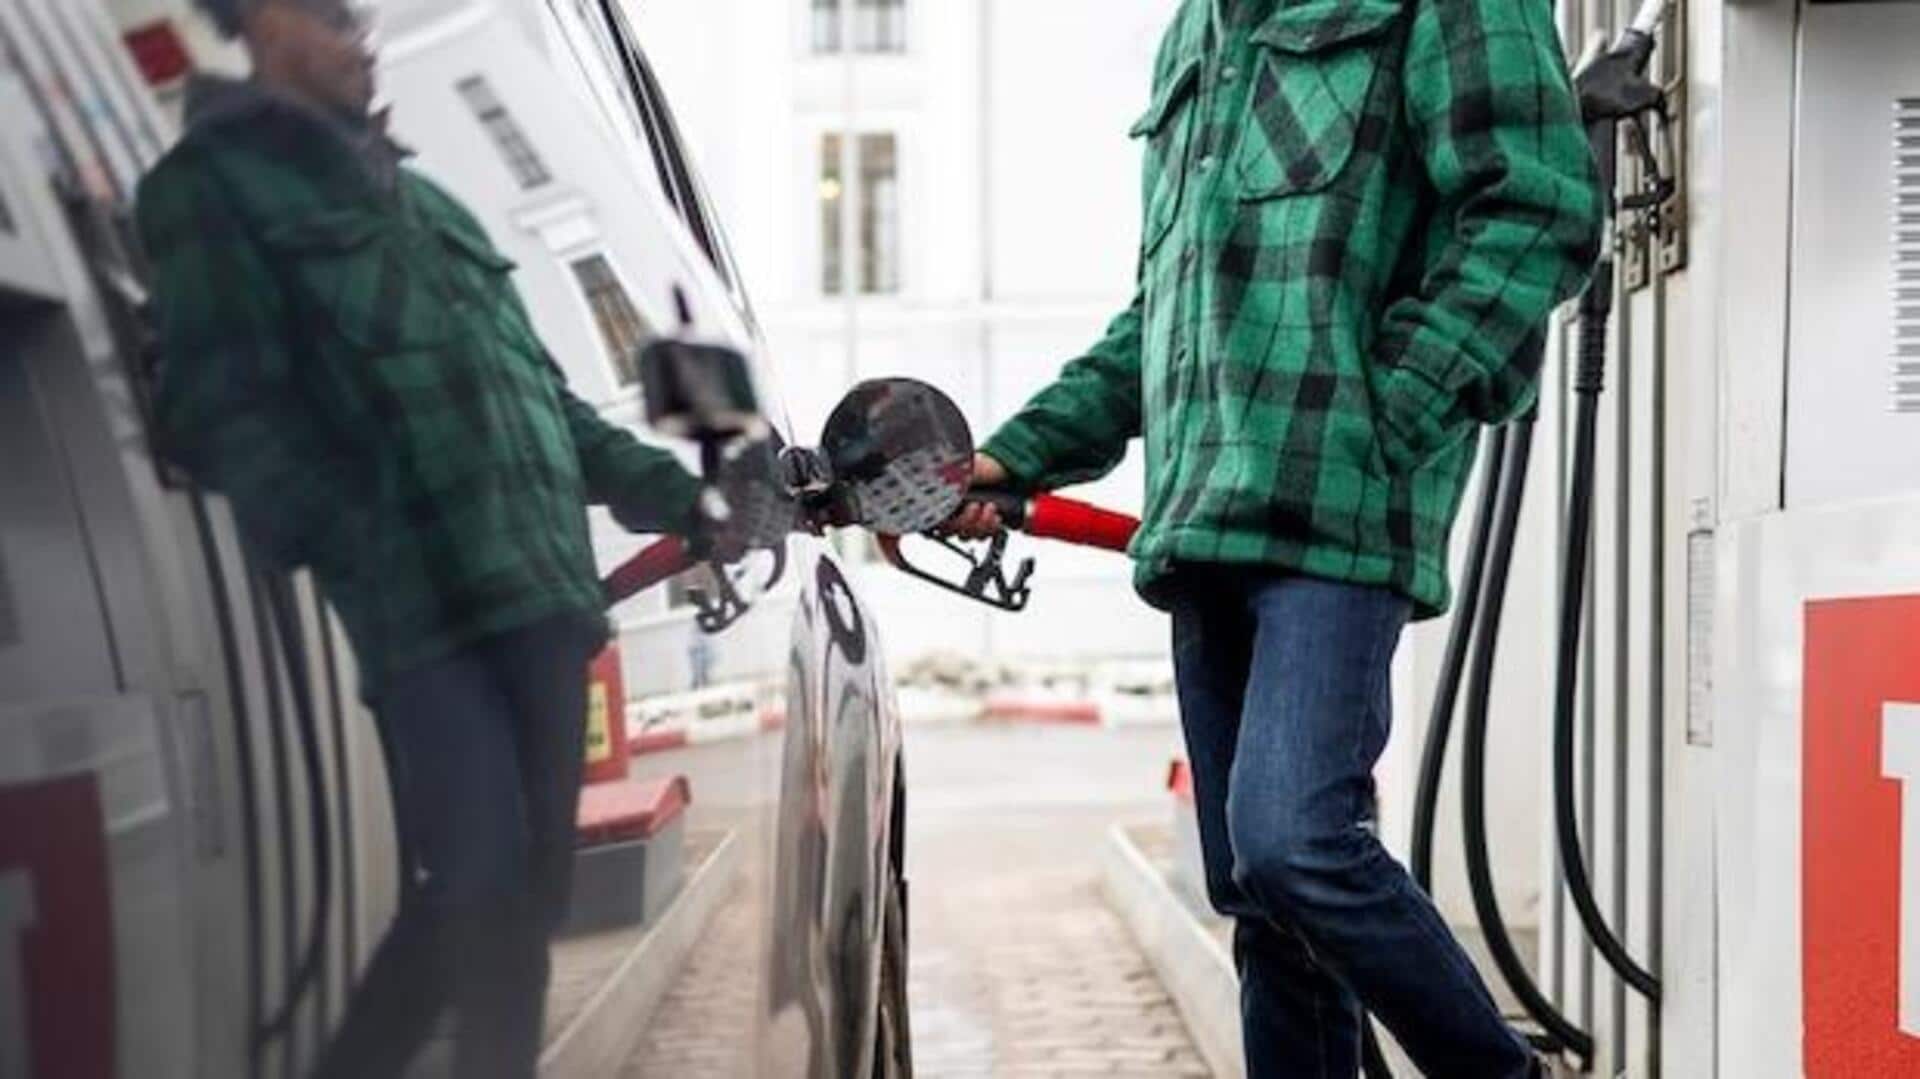 पेट्रोल-डीजल की कीमत: देश के प्रमुख शहरों में कितने बदले आज के दाम? 
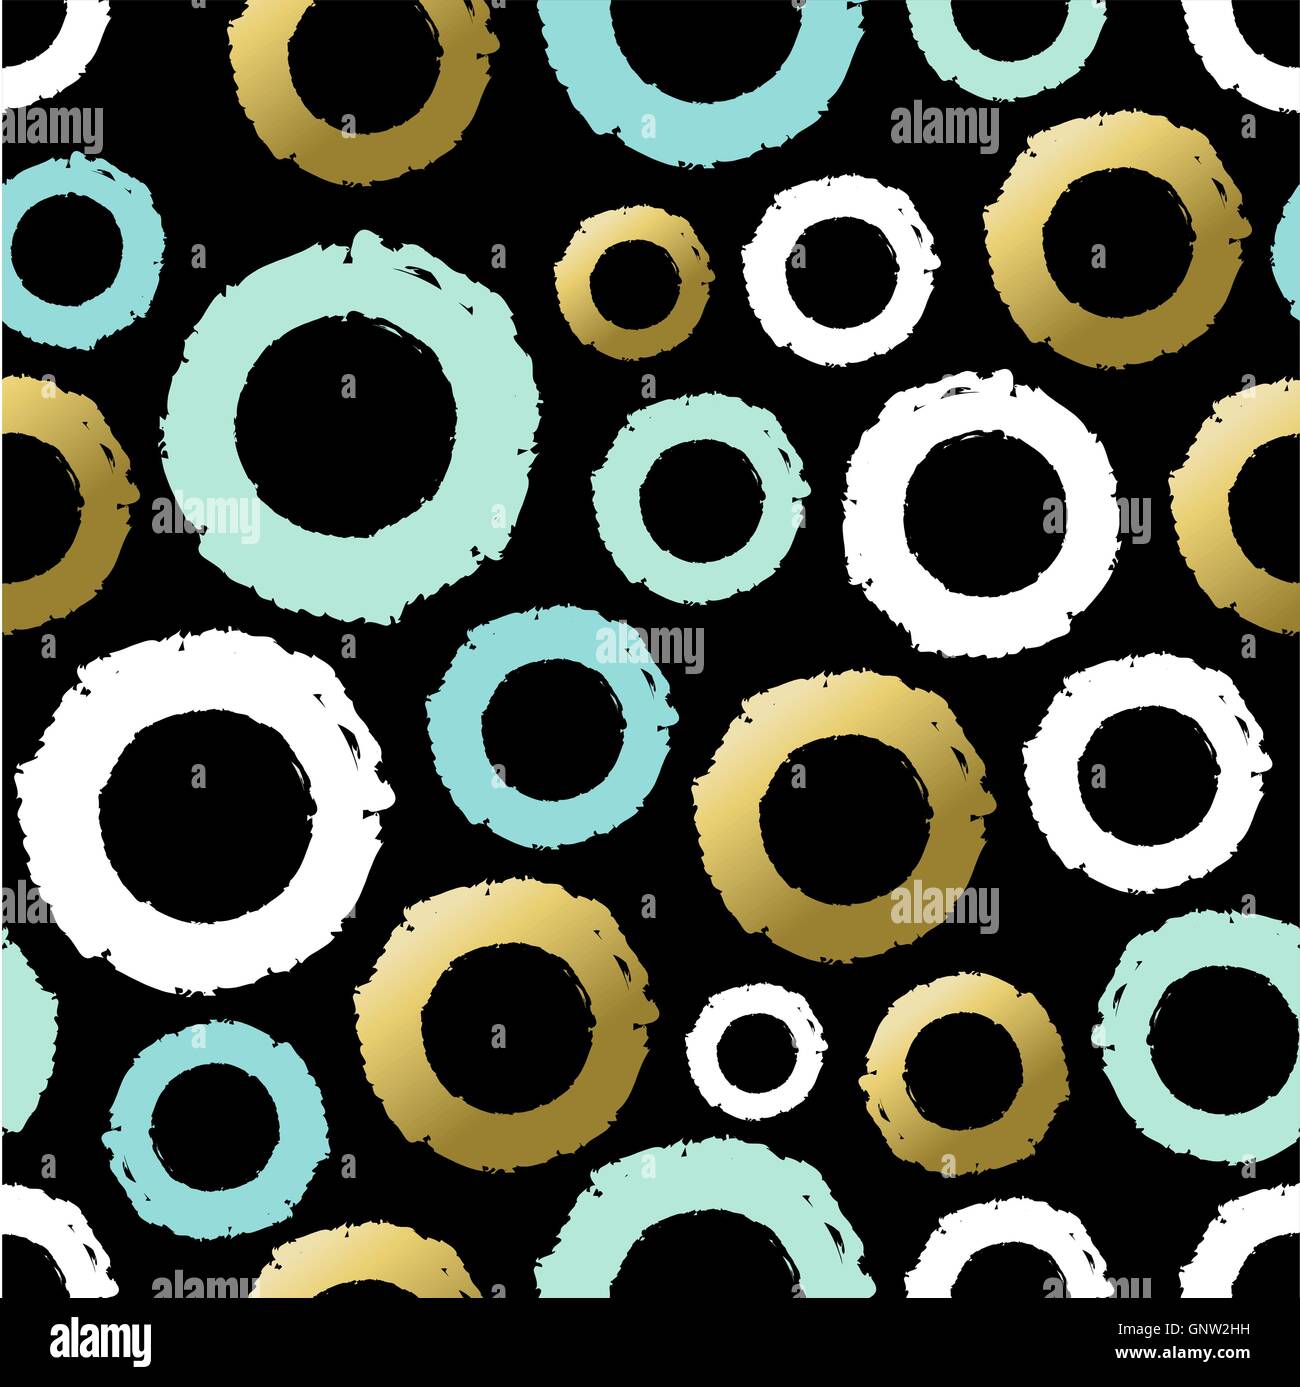 Modèle transparent avec anneaux en or cercle grunge de couleurs, style de peinture main arrière-plan. Vecteur EPS10. Illustration de Vecteur
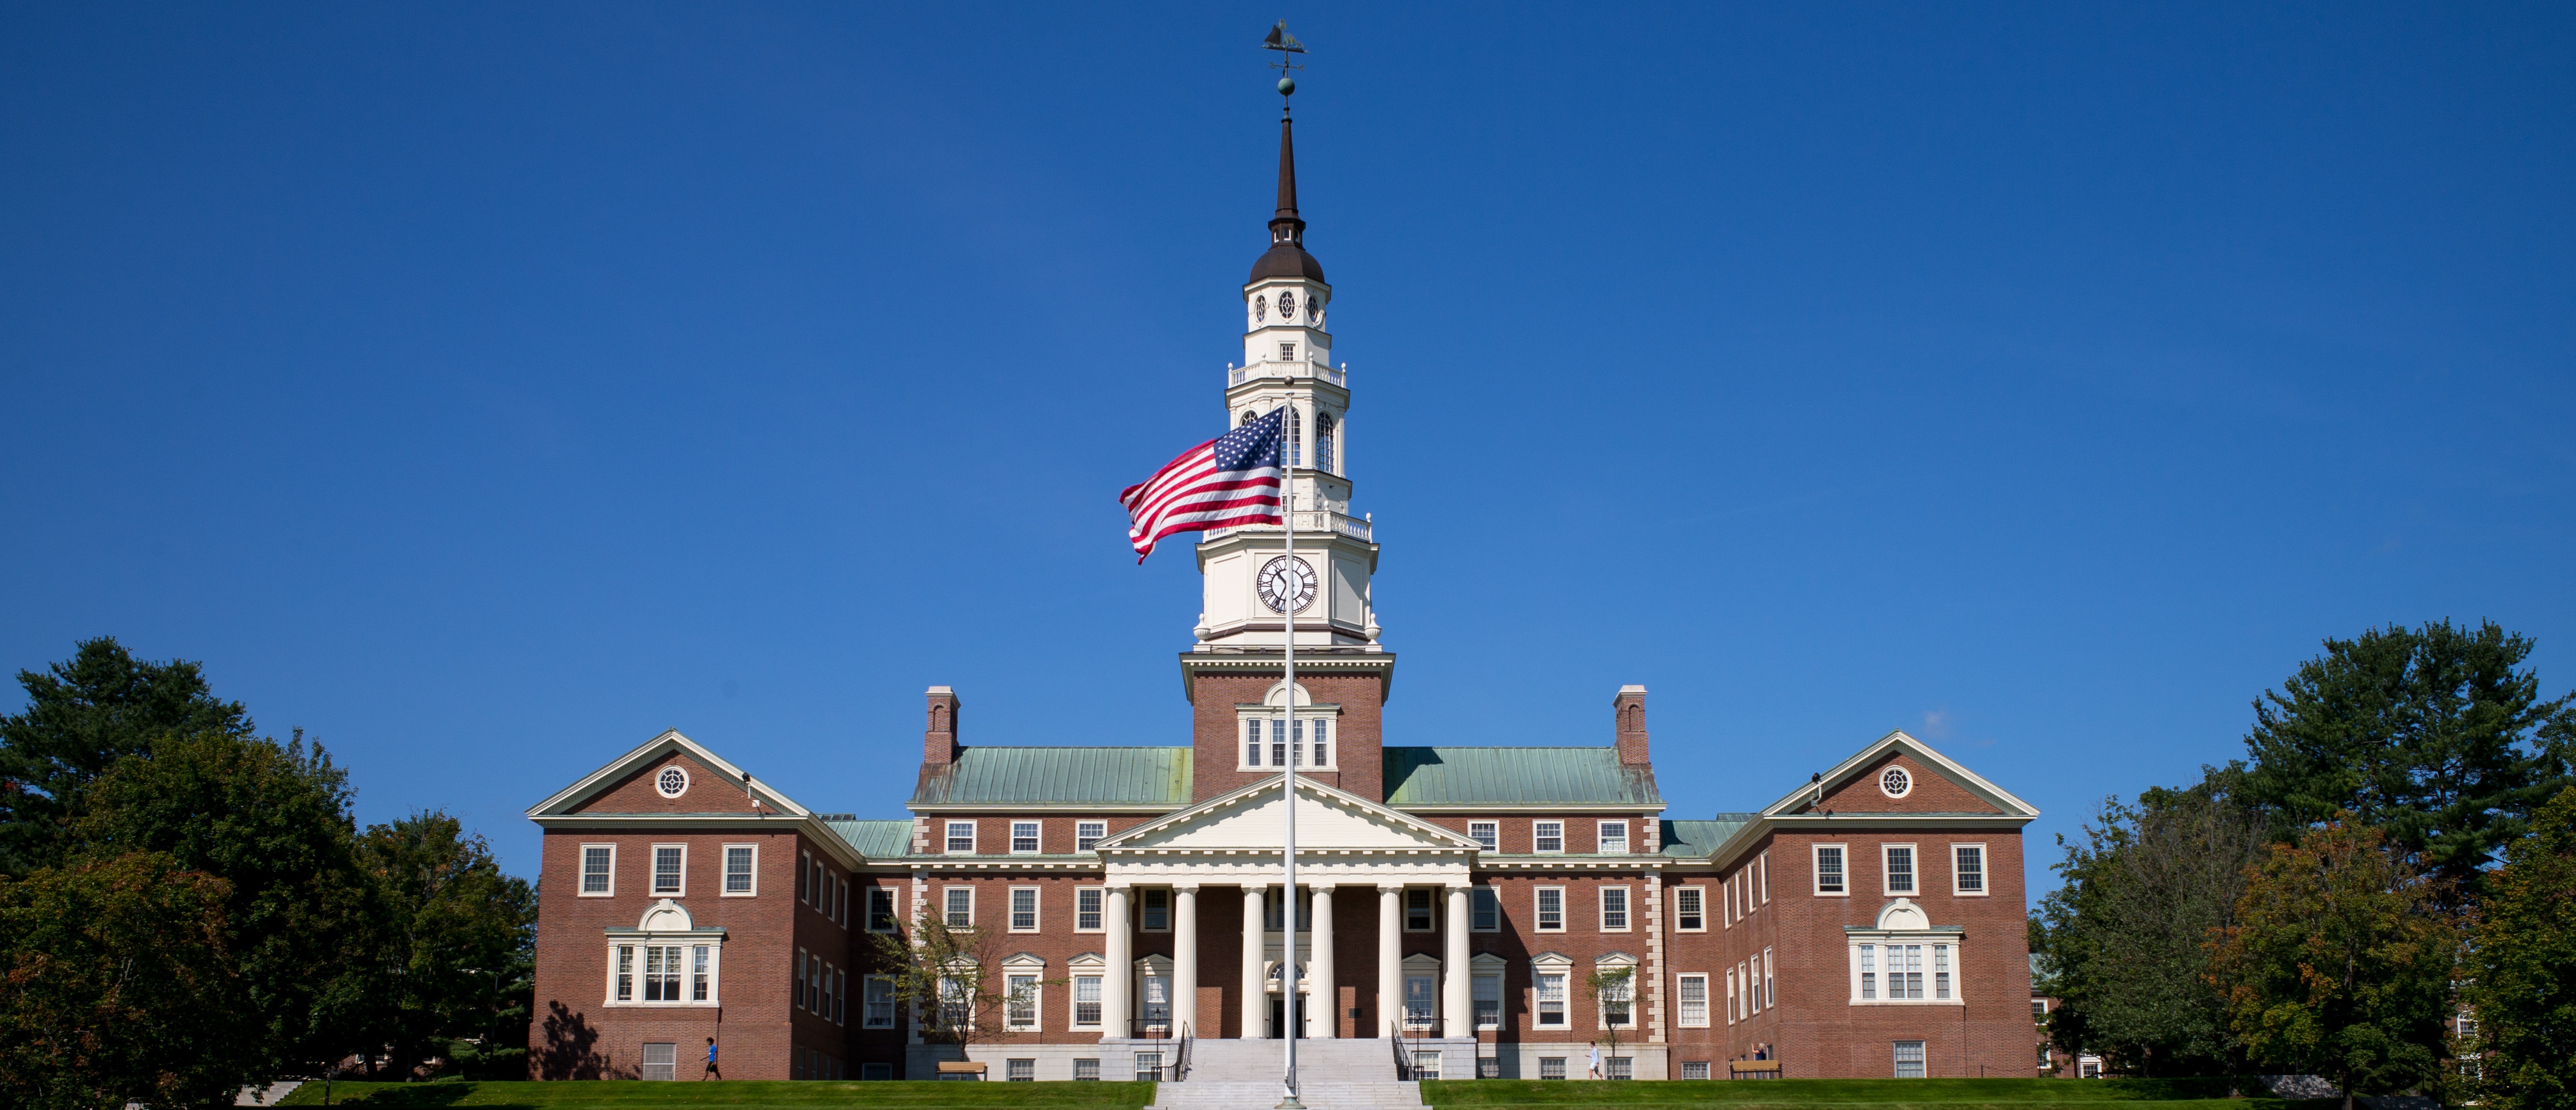 Estudar nos EUA: diferenças entre universidades públicas e privadas

+++

_Problem requirements_
The listing above should be transcribed word for word, with its pictures left out.

_Exercise solution_
 पेट्रोल-डीजल की कीमत: देश के प्रमुख शहरों में कितने बदले आज के दाम? 
 Modèle transparent avec anneaux en or cercle grunge de couleurs, style de peinture main arrière-plan. Vecteur EPS10. Illustration de Vecteur
 Estudar nos EUA: diferenças entre universidades públicas e privadas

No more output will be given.